Of course, one of the most attractive aspects of the region is its proximity to major natural gas markets in the Northeast U.S. Triangle's acreage block is just 48 kilometers from the Maritimes & Northeast Pipeline, which runs through Nova Scotia and New Brunswick and down into the U.S.

"Our initial results are encouraging," says Hietala. "We hope to start a development program in 2008."

The company has a second shale project in the Moncton/Sackville sub-basin in New Brunswick, also part of the greater Maritimes Basin. It farmed into 70,000 acres in the area around Stoney Creek Field, not far from Corridor Resources' McCully project. Triangle is watching Corridor's work in the Frederick Brook shale at McCully with interest, and is currently researching the area.

"We have hundreds of meters of shale in New Brunswick, and we're doing rock work, collecting samples and interpreting a 2-D seismic program which we have access to," says Campbell. Next year it plans to drill its first well in that province.

So, across the vast stretch of Canada, companies are realigning their portfolios, rearranging capital spending and striving to trim costs. And, for those that are financially limber, there are promising new ventures that beckon.

The ground-floor truth is that Canada's exports of oil and gas, both conventional and unconventional, are sorely needed on the world market. It's only a matter of time before gas prices push back upward, as declining supply and growing consumption will inevitably demand.







ANGST IN ALBERTA

Alberta is Canada's powerhouse producer, and it supplies the lion's share of Canada's total energy production. But oil and gas companies are facing some stiff jumps in royalty payments.
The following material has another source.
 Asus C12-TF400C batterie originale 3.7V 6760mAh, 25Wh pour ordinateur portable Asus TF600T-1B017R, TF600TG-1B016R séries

The provincial government requested a review of Alberta's royalty system, and the panel charged with the task recommended hefty increases for all types of resources.
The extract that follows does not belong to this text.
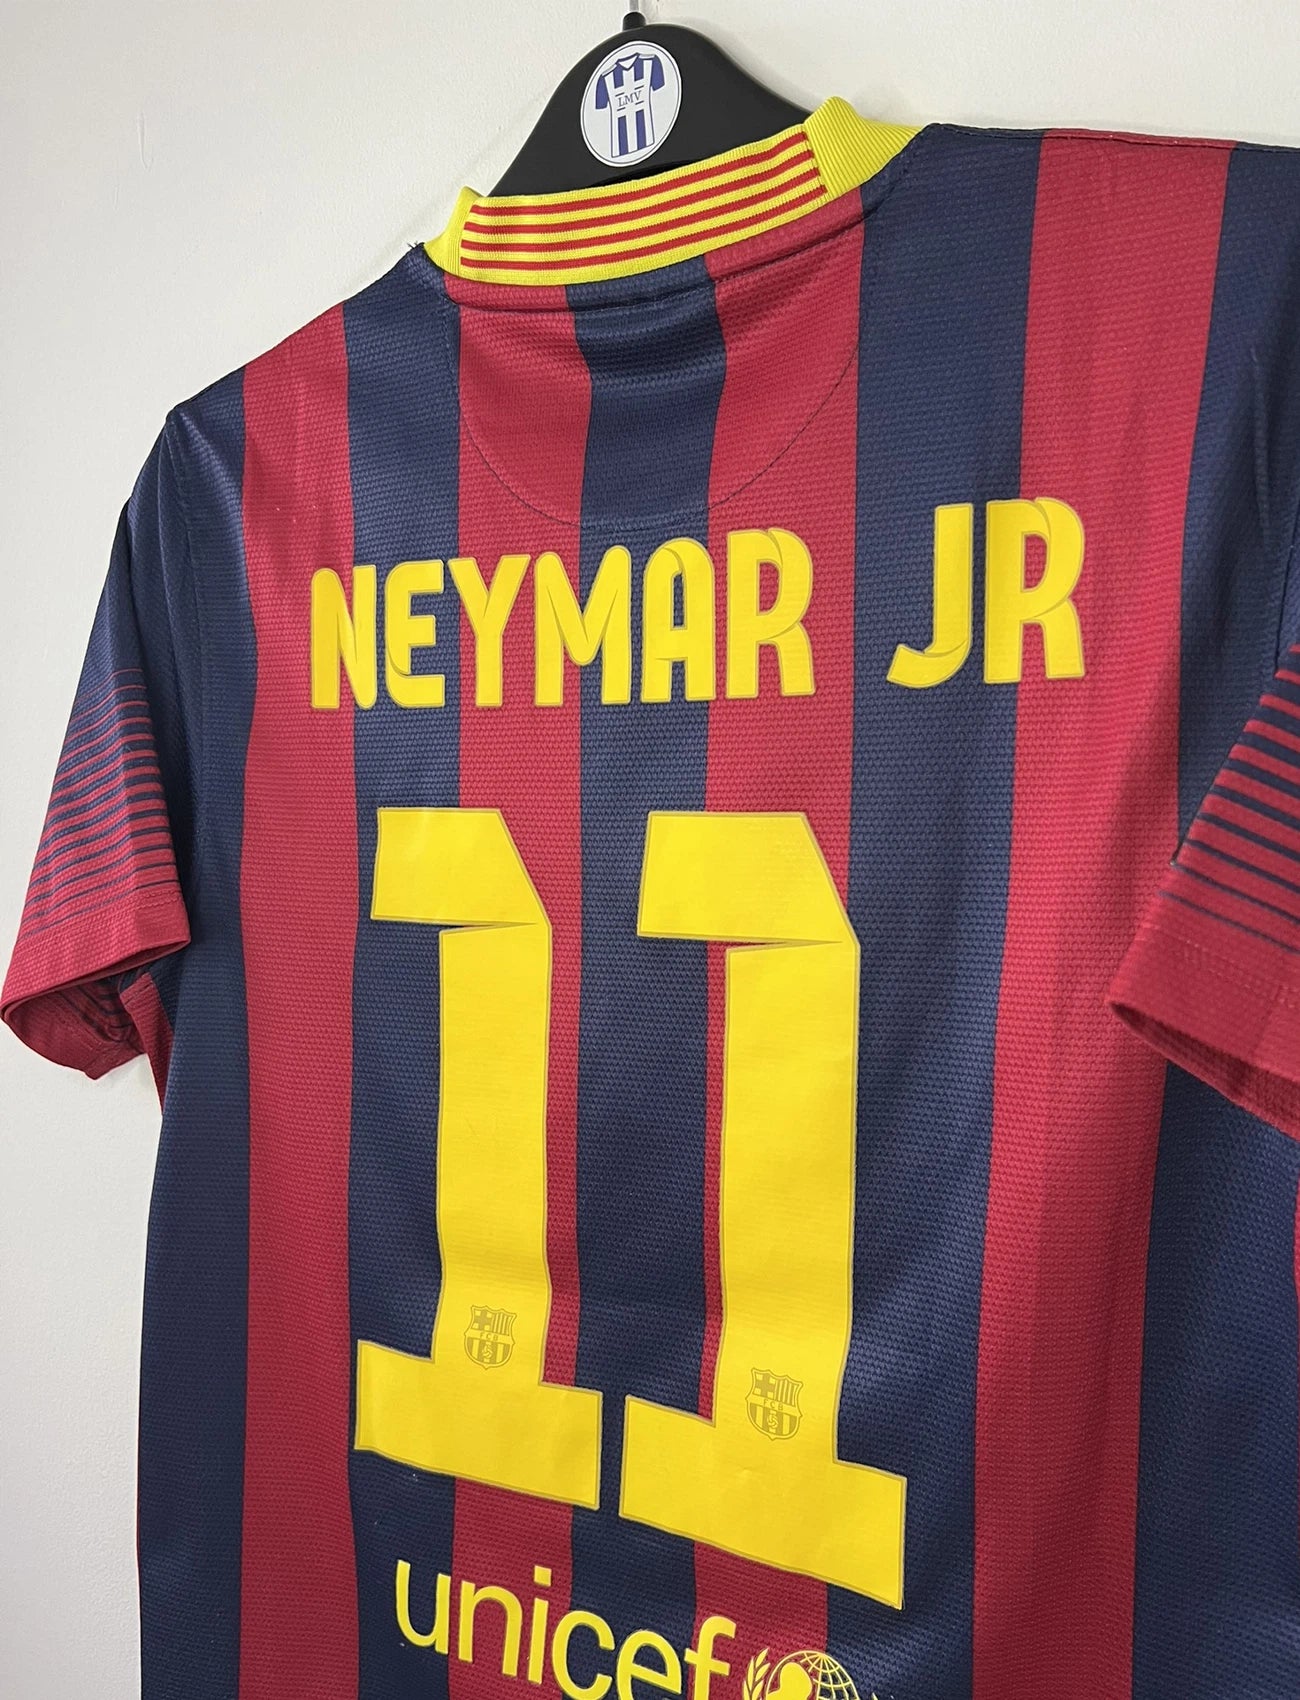 Maillot de foot vintage domicile du FC Barcelone de la saison 2013/14. Le maillot est de couleur rouge et bleu. On peut retrouver l'équipementier nike et le sponsor Qatar Airways. Le maillot est floqué du numéro 11 Neymar. Ils s'agit d'un maillot authentique comportant les numéros 532822-413

The panel proposed changes to Alberta's royalty structures that included raising oil-sands royalties after payout of costs from 25% to 33%, and applying a sliding scale of volume and price to natural gas and conventional oil wells, with a maximum royalty rate of 50%.
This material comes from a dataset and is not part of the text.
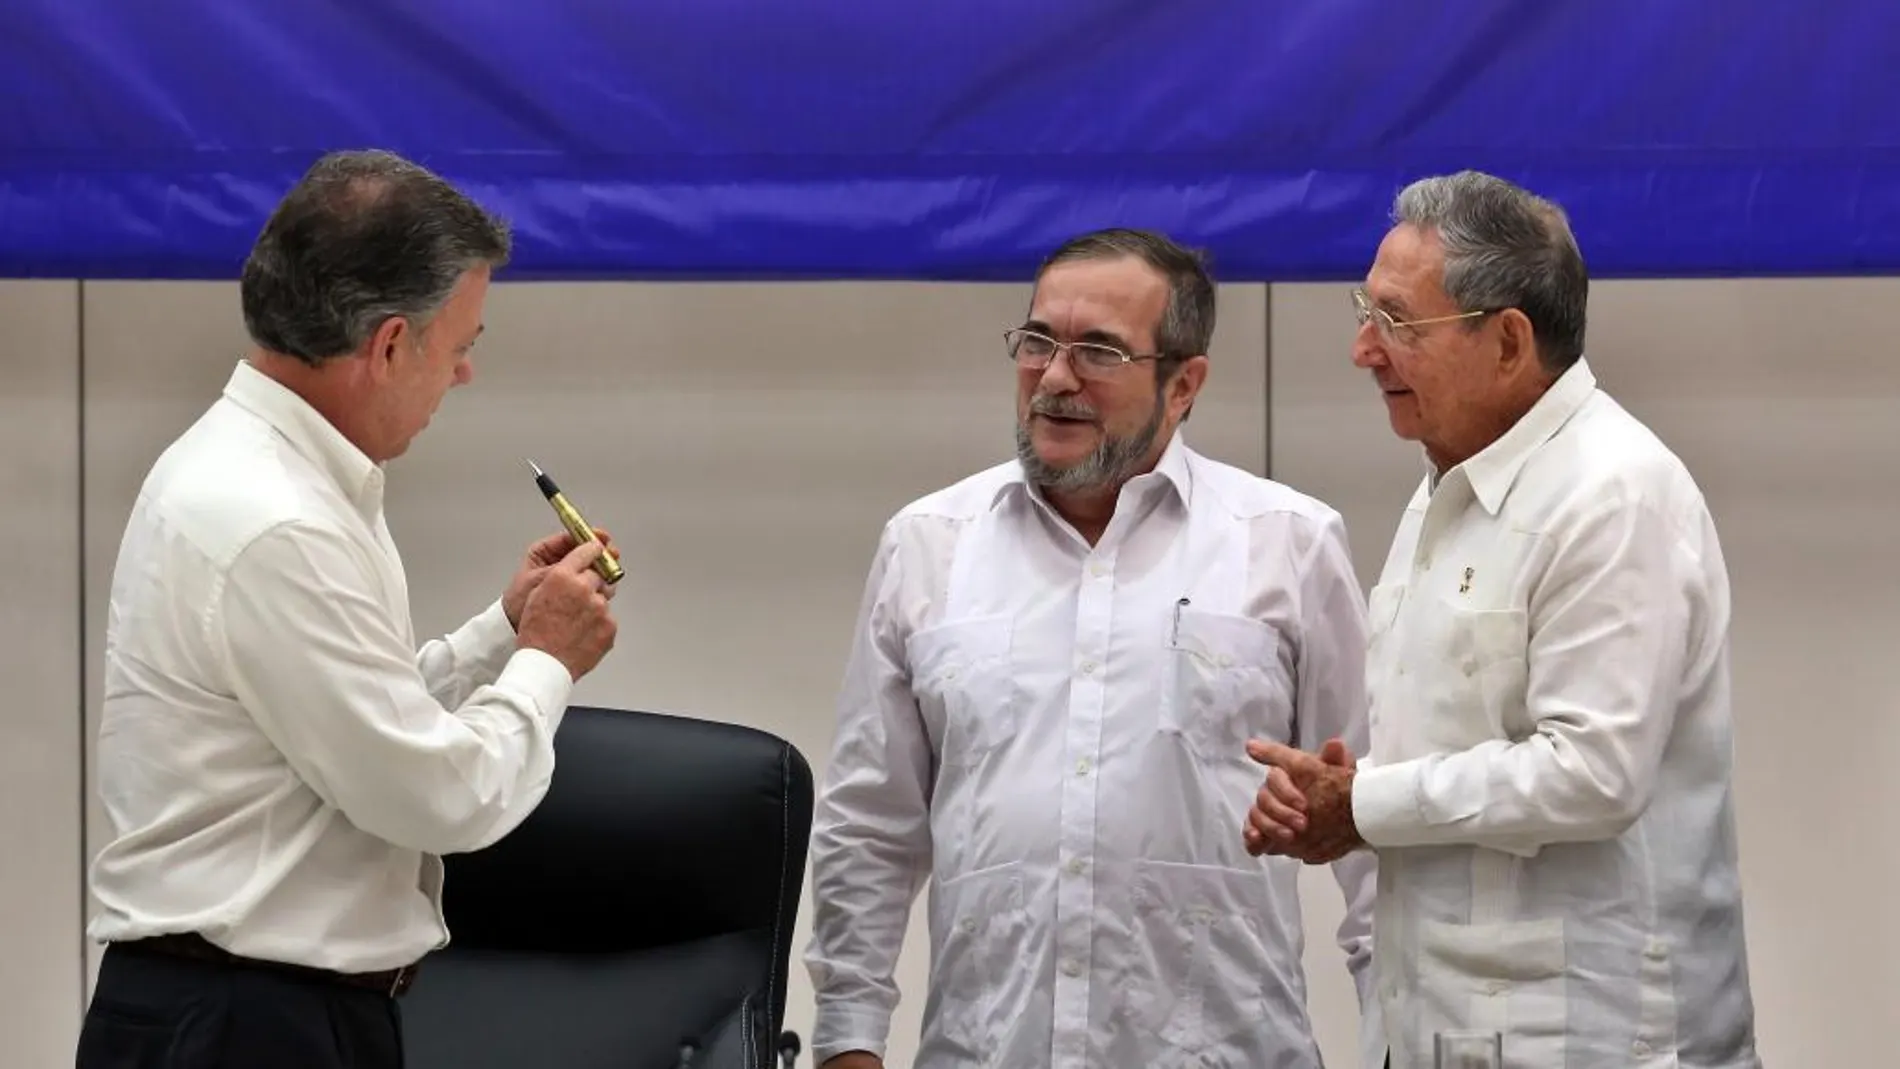 El líder de las FARC, Rodrigo Londoño Echeverri, alias "Timochenko"(c), habla con los presidentes de Cuba, Raúl Castro (d), y de Colombia, Juan Manuel Santos (i), en La Habana (Cuba)

Notably, the panel recommended against grandfathering existing projects; it said all provisions should apply to all participants at the same time.

The conclusions of the royalty-review panel shocked the industry. The scale and comprehensiveness of the recommendations were beyond any scenarios that had been anticipated.

Most participants expected a hard look at oil-sands developments, but there was widespread surprise at the royalty increases proposed for conventional oil and gas production.

A recent analysis by energy investment-banking firm Tristone Capital Inc., Calgary, takes issue with many aspects of the panel's conclusions: "The disincentives created by the royalty regime will see Alberta lag in competitiveness relative to other jurisdictions and capital will flow out of the province."

The royalty panel's report manhandled the beloved industry yardstick of rates-of-return, mainly by understating capital and operating costs, Tristone contends. Additionally, the method of structuring gas-well royalties will have the net effect of removing incentives to drill deeper, higher-deliverability wells.

The provincial government planned to make its decision on the panel's recommendations in late October. At last report, regulators were considering more evidence and reviewing the analysis again.

There are a number of companies-especially oil-sands companies-that will take a significant hit in terms of absolute value if the current recommendations are implemented, says Andrew Strachan, head of Wood Mackenzie's new Calgary office.

"Projects are now facing extra royalty charges, in addition to high acquisition, service and labor costs. However, the proposed changes to conventional gas projects may have more of a profound impact across the board, as already tight margins will be further squeezed for large and small E&Ps alike, rendering many of the province's gas plays uneconomic."